Germany
Practice Relating to Rule 96. Hostage-Taking
Germany’s Military Manual (1992) states: “The taking of hostages is prohibited.” It also states that hostage-taking is prohibited in case of occupation.
The manual further provides that hostage-taking is a grave breach of IHL.
Germany’s Soldiers’ Manual (2006) states: “Reprisals against the civilian population are prohibited, likewise taking of hostages, collective penalties, pillage as well as measures of intimidation or terrorization.”
Germany’s Law Introducing the International Crimes Code (2002) provides for the punishment of anyone who, in connection with an international or non-international armed conflict, “takes hostage a person who is to be protected under international humanitarian law”.

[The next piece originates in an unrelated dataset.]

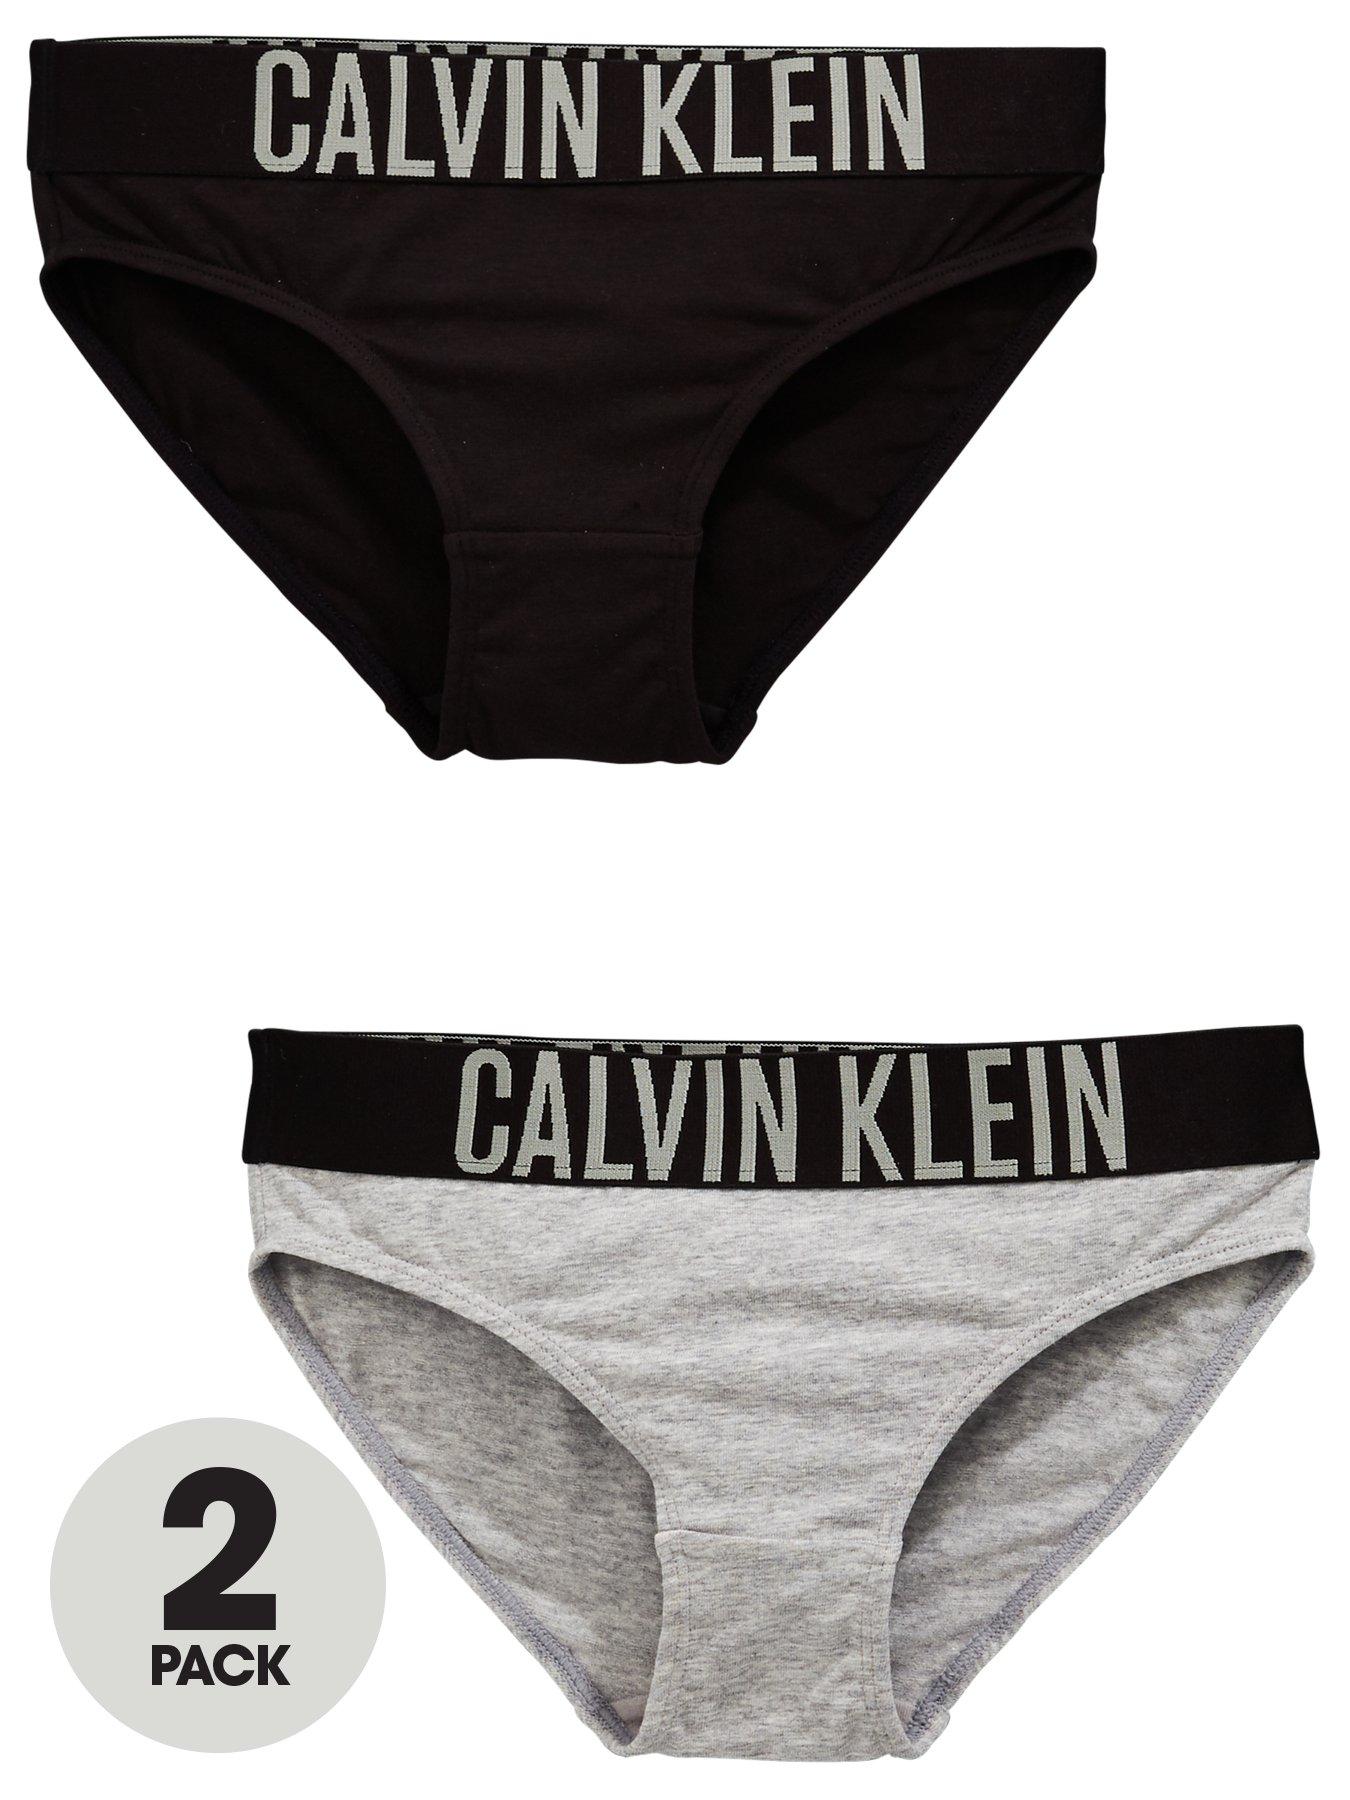 Bras & Crop Tops, Calvin klein, Underwear & socks, Girls clothes, Child  & baby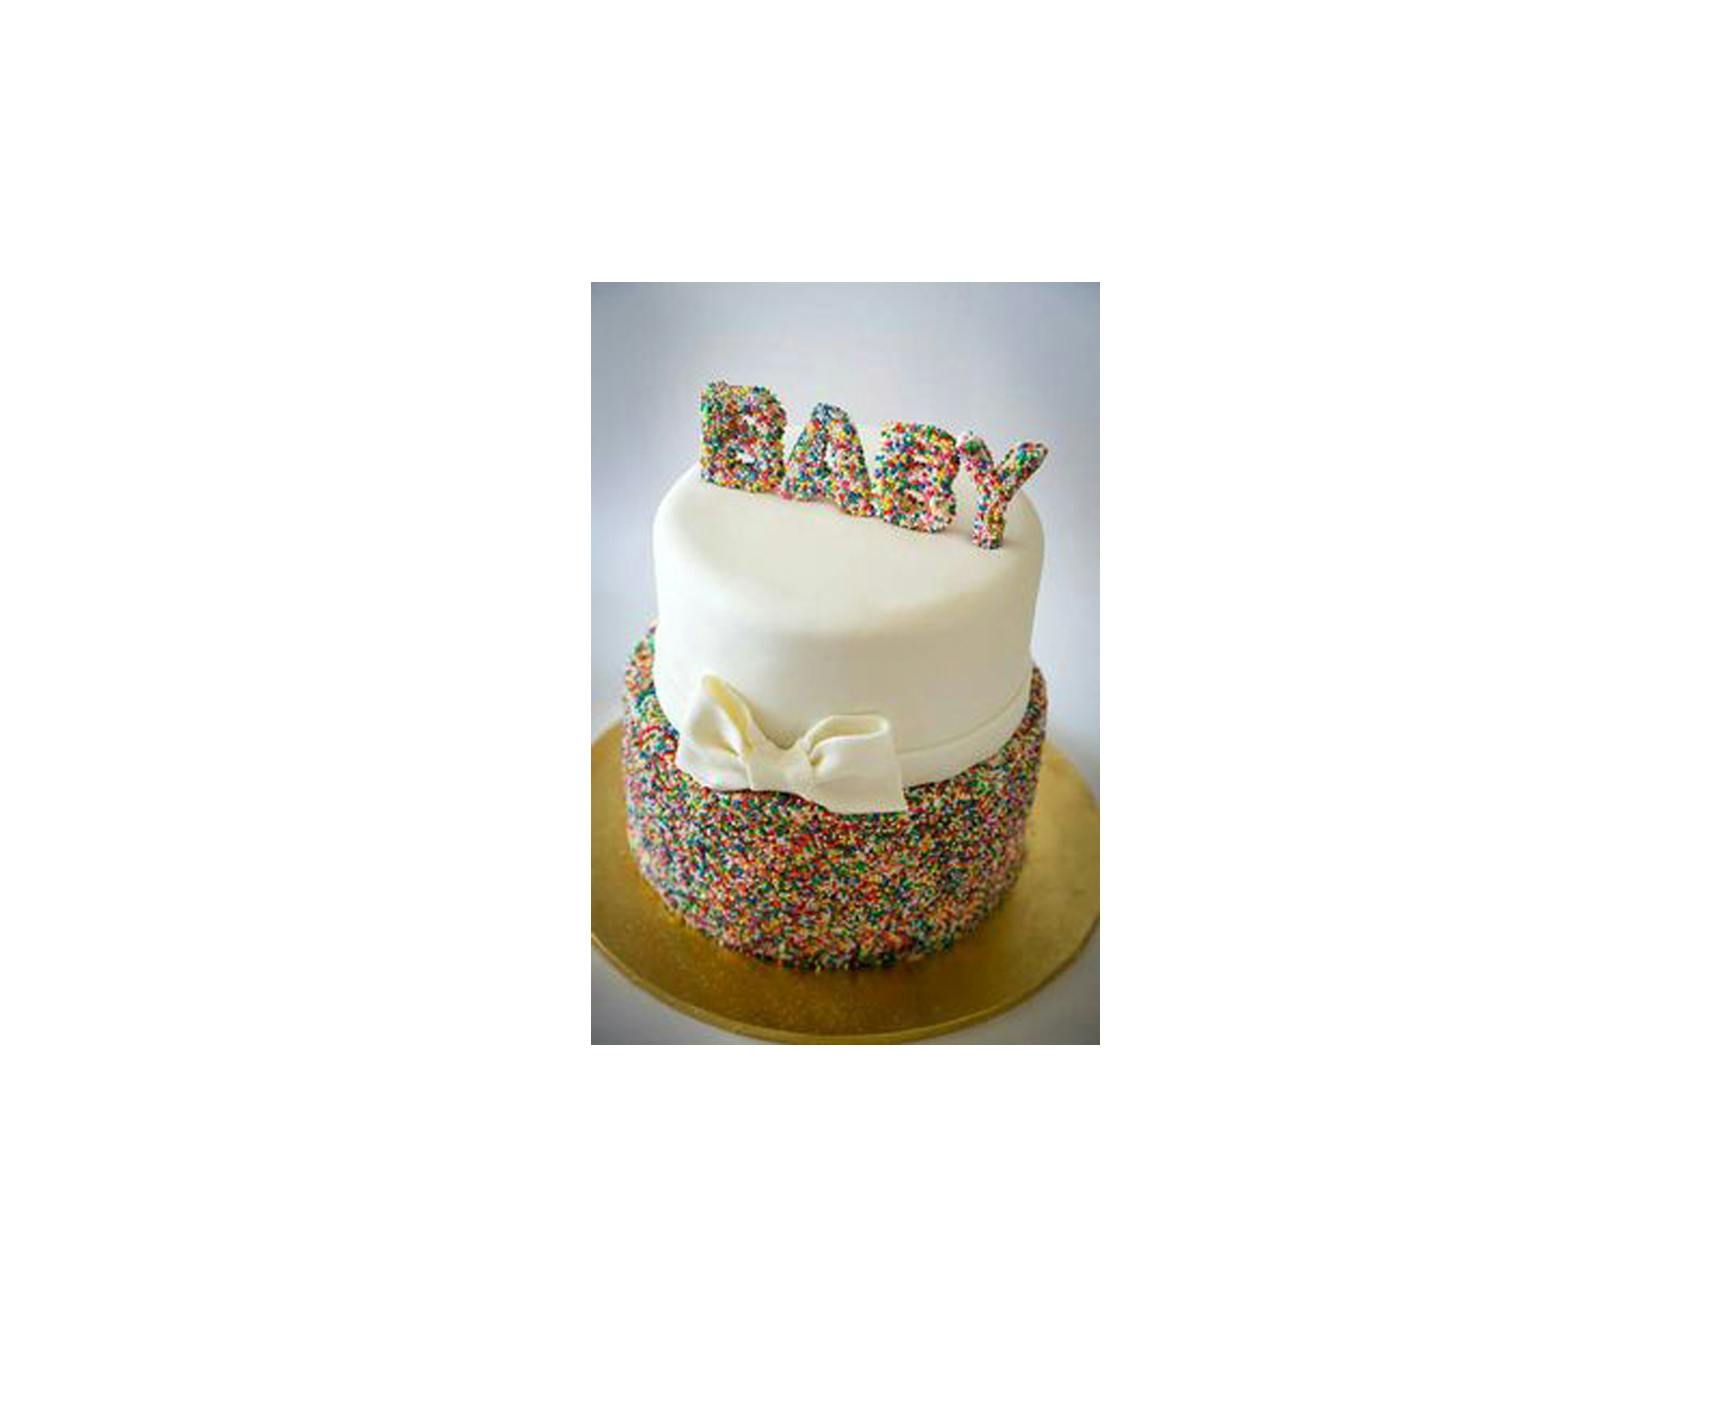 Ideas for a Baby Sprinkle Cupcake Bar - Mimi's Dollhouse

In 2010, in the Chechen Refugee case, Germany’s Federal Administrative Court was called upon to decide whether a Russian refugee claimant from Chechnya had to be excluded from refugee protection because there were serious reasons for considering that he had committed a war crime in Chechnya in 2002 by killing two Russian soldiers and taking a Russian officer hostage. The Court considered who can be a victim of the war crime of taking hostages. The Court held:
[Article 3 common to the 1949 Geneva Conventions]
inter alia criminalizes … the taking of hostages who are not directly participating in hostilities, including members of the armed forces who have laid down their weapons and persons who have been placed
hors de combat by illness, injury, capture or any other reason. This provision thus also considers acts as war crimes which are directed against soldiers.
The Court also held:
[T]he assumption that the abduction of the Russian officer constituted the war crime of hostage taking under Art. 8 para. 2 sub-para. c no. III of the [1998] ICC Statute is difficult to sustain. … [T]aking civilians as hostages and taking members of the armed forces who have laid down their arms or who are
hors de combat as hostages can constitute a war crime. … [In the present case,] the victim [a Russian officer] was not taken hostage … at a point in time when the victim had surrendered or laid down his weapons. Rather, the attack against the victim with the purpose of taking him hostage was carried out at a moment when the victim was still carrying a weapon and when the Russian soldiers accompanying the victim responded to the attack by firing their weapons.
In 1995, in the context of the conflict in Nagorno-Karabakh, all political parties in the German Parliament requested the release of hostages.